Internally Referenced Low-Light Enhancement

Figure 1: Internal physical and structural references. Top: Internal Physical Reference. A local exposure-simulated pseudo-GT provides an internal physical reference for global color and brightness restoration. Bottom: Internal Structural References. Our spectral-domain design provides internal structural references that preserve structures and suppress noise without the blur artifacts caused by spatial misalignment.

Abstract

Self-supervised low-light image enhancement (LLIE) is highly appealing as it eliminates the reliance on external paired data. However, the lack of external references causes networks to struggle with decoupling entangled illumination, delicate textures, and amplified noise. To resolve this challenge, we propose an Internally Referenced LLIE framework that extracts reliable physical and structural references from the degraded input image itself.

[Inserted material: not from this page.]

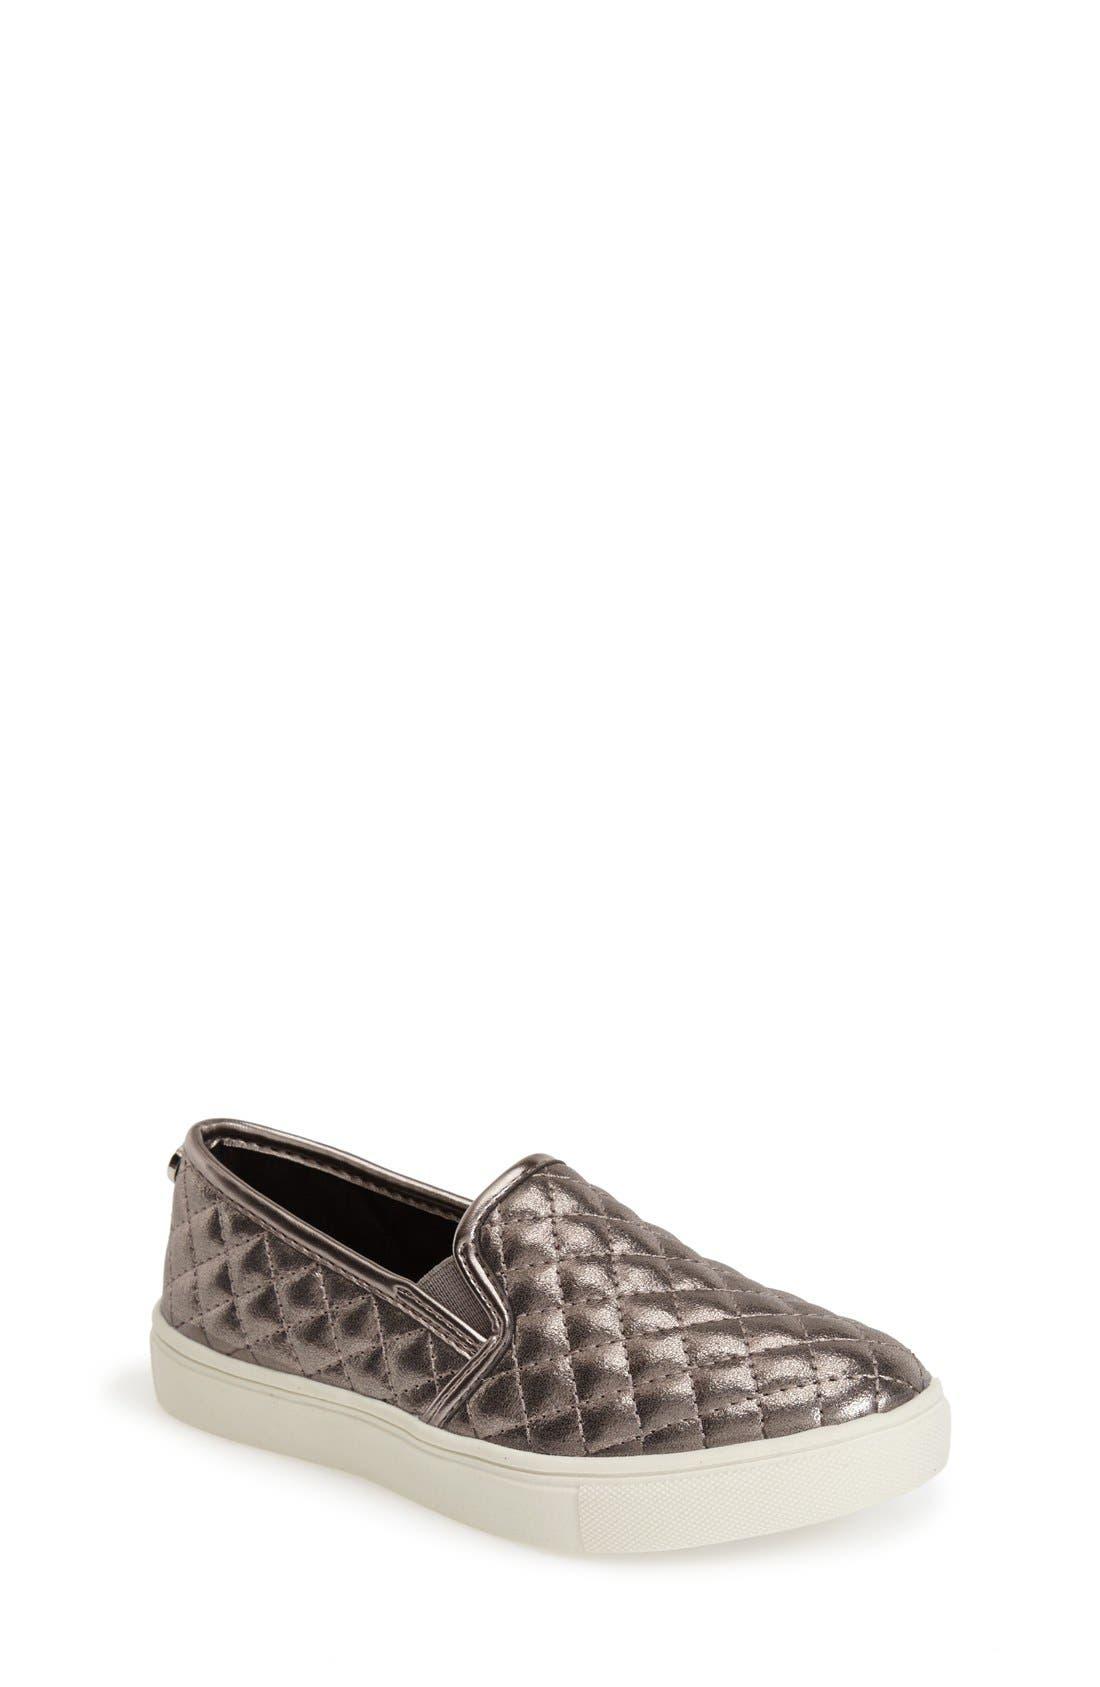 Ecentrcq Sneaker,                         Main,                         color, SILVER

First, we introduce a local exposure-simulated scheme to extract a low-frequency pseudo ground-truth. This serves as an internal physical reference to guide global illumination estimation and correct color casts. Second, we propose a dual-domain preservation strategy with spatial and spectral constraints to construct internal structural references. Specifically, an Illumination-Aligned Perceptual loss preserves global structures under illumination shifts, while a Shift-Invariant Spectral Correlation loss captures fine-grained local structures and suppresses high-frequency noise. Finally, we propose a Gain-Adaptive Feature Modulation (GAFM) mechanism to address highly spatially-variant residual noise. Extensive experiments demonstrate that our method achieves state-of-the-art performance, delivering superior noise suppression and textural fidelity.

Method Overview

Our philosophy is that, although a degraded input image lacks an external normal-light counterpart, it still contains sufficient physical and structural cues to guide the LLIE process. The framework is built upon three core components:

Internal Physical Reference: A local exposure-simulated scheme featuring robust white balancing and adaptive shadow desaturation extracts a pseudo-GT to guide global color and brightness restoration.
Internal Structural References: A dual-domain collaborative strategy utilizes an Illumination-Aligned Perceptual (IAP) loss to preserve global topology, and a Shift-Invariant Spectral Correlation (SISC) loss to capture fine-grained local textures without inducing spatial blur.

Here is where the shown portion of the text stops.